- Born: Korravee Pimsuk 4 April 1992 (age 34) Bangkok, Thailand
- Other name: Kaew
- Education: Bangkok University
- Occupations: Actress; model;
- Years active: 2013–present
- Notable work: Deception
- Height: 172 cm (5 ft 8 in)

= Korravee Pimsuk =

Thai actress and fashion model (born 1992)

Korravee Pimsuk (กรวีร์ พิมสุข; ကရာဗီ; nicknamed Kaew, born 4 April 1992) is a Thai actress and model who has worked in Thailand and Myanmar. She is known for her role in the 2018 film Deception: Oo Pel Dan Myin (ဥပါယ်တံမျဉ်), which was released in Myanmar.

==Early life and education==
Korravee was born on 4 April 1992 in Bangkok, Thailand. She is the youngest of four siblings. She graduated from Bangkok University with a degree in broadcasting.

==Career==
Korravee began modeling at the age of 21 and appeared on magazine covers. She made her acting debut in the Thai-Burmese film Myanmar In Love In Bangkok (Ruk Pasa A-Rai), which is about a Thai woman and a male migrant worker from Myanmar.
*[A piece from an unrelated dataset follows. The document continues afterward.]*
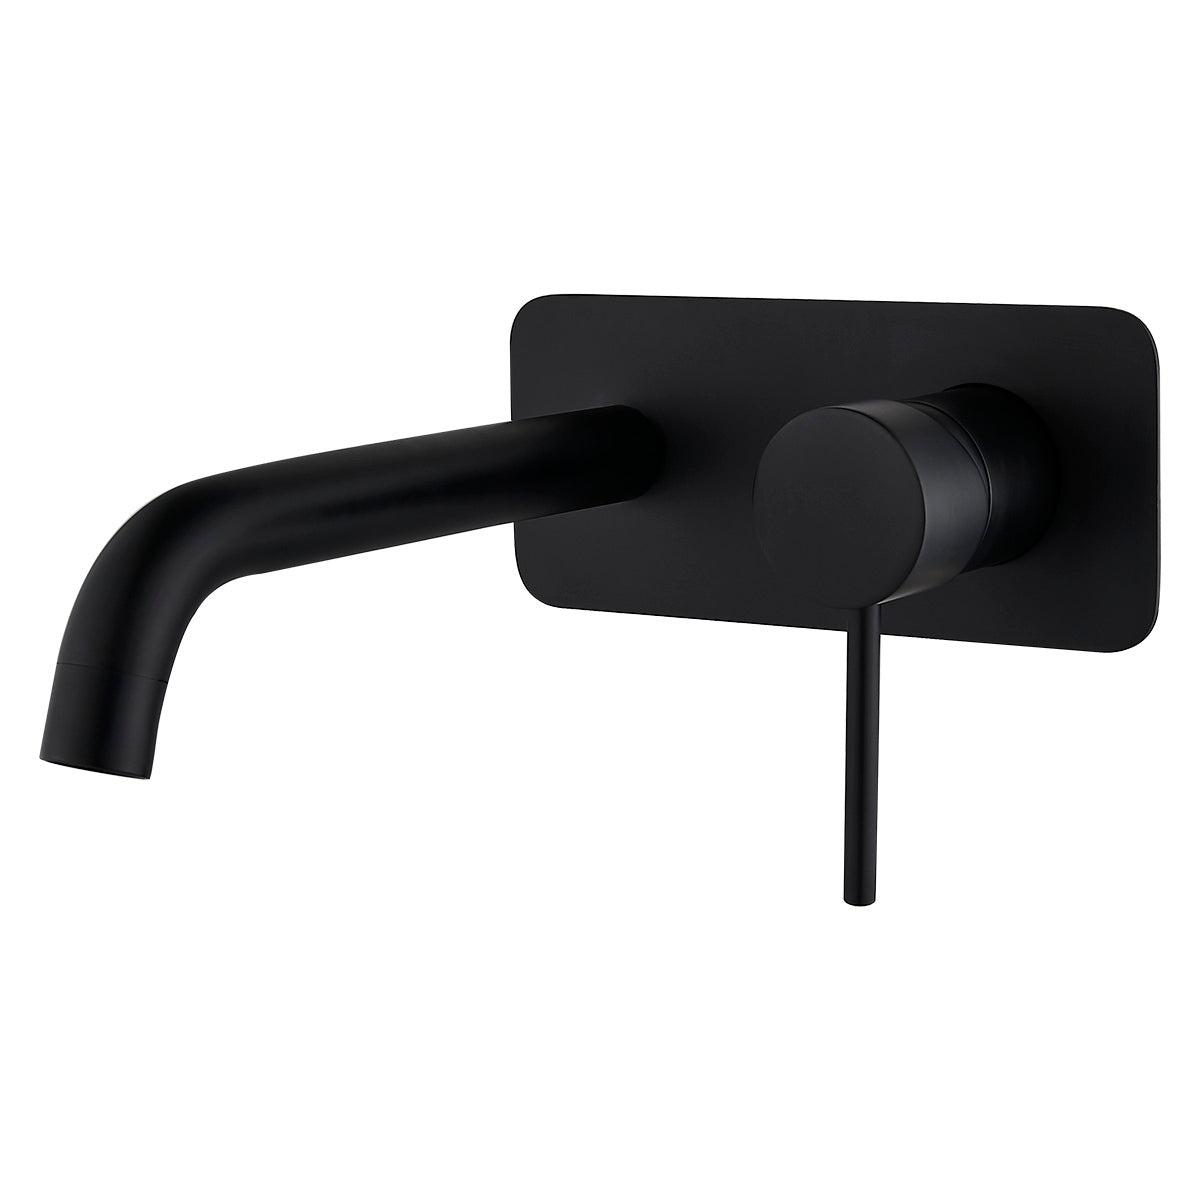 HELLYCAR IDEAL WALL MIXER WITH OUTLET 209MM BLACK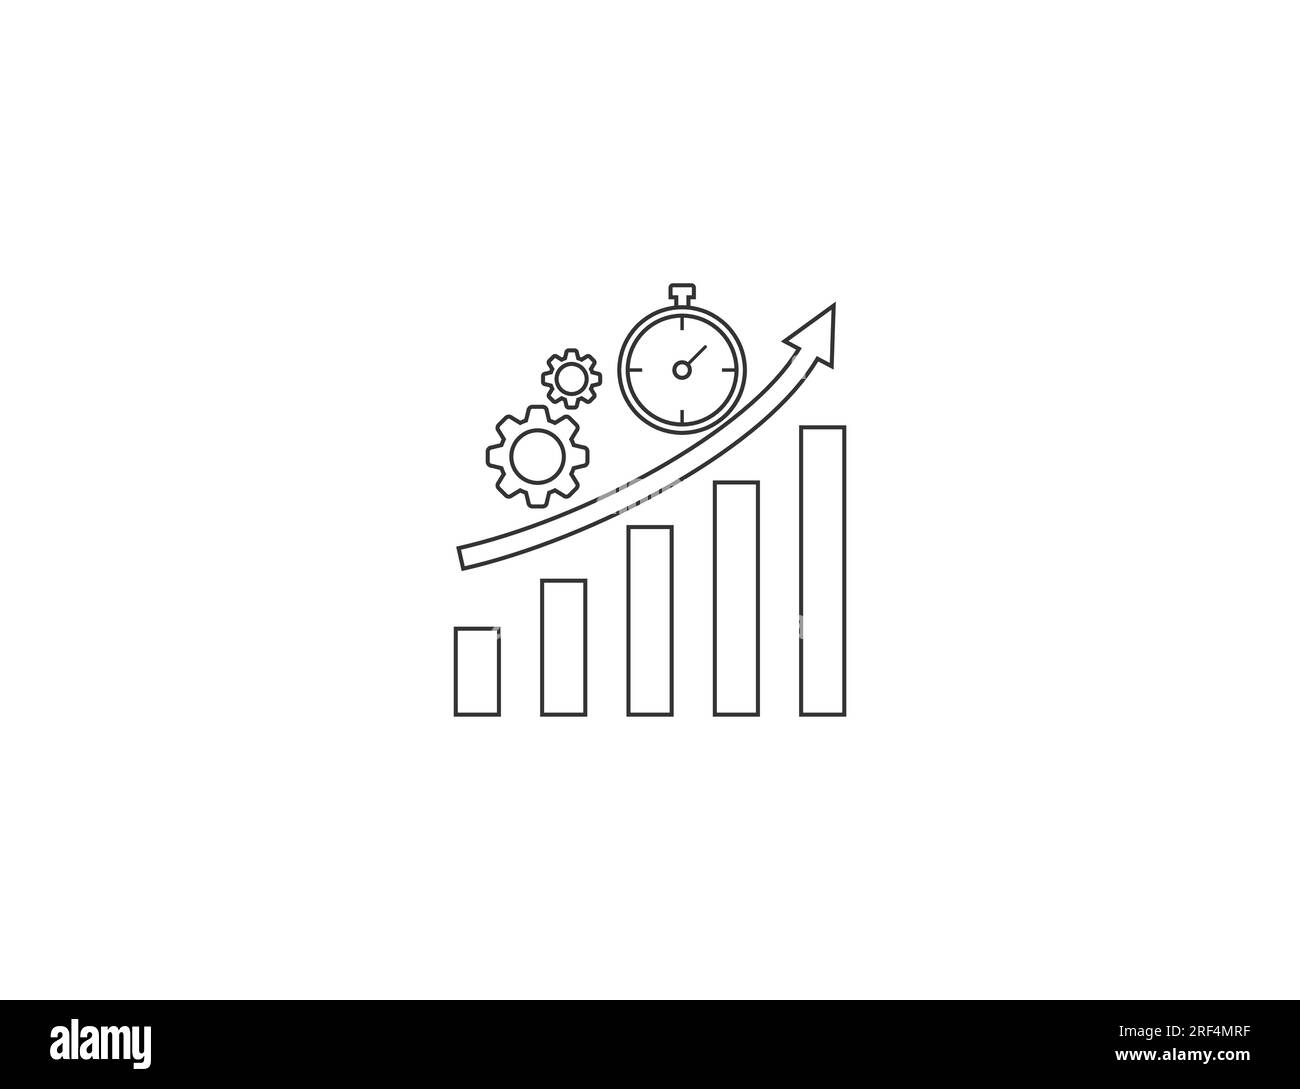 Efficiency, business, management icon. Vector illustration. Stock Vector

The film was released in cinemas in Thailand and Myanmar in 2014. The following year, Korravee starred in the film 67 Plaza alongside Burmese singer and actor Hlwan Paing.

In 2017, she played Emily in the 2018 film Deception: Oo Pel Dan Myin, alongside Zenn Kyi and Thet Mon Myint. The film premiered in Myanmar cinemas on 19 January 2018 and remained in local theatres for seven weeks. It was also screened in Singapore. The film was commercially successful and received attention from audiences. Korravee's performance as Emily was also well received.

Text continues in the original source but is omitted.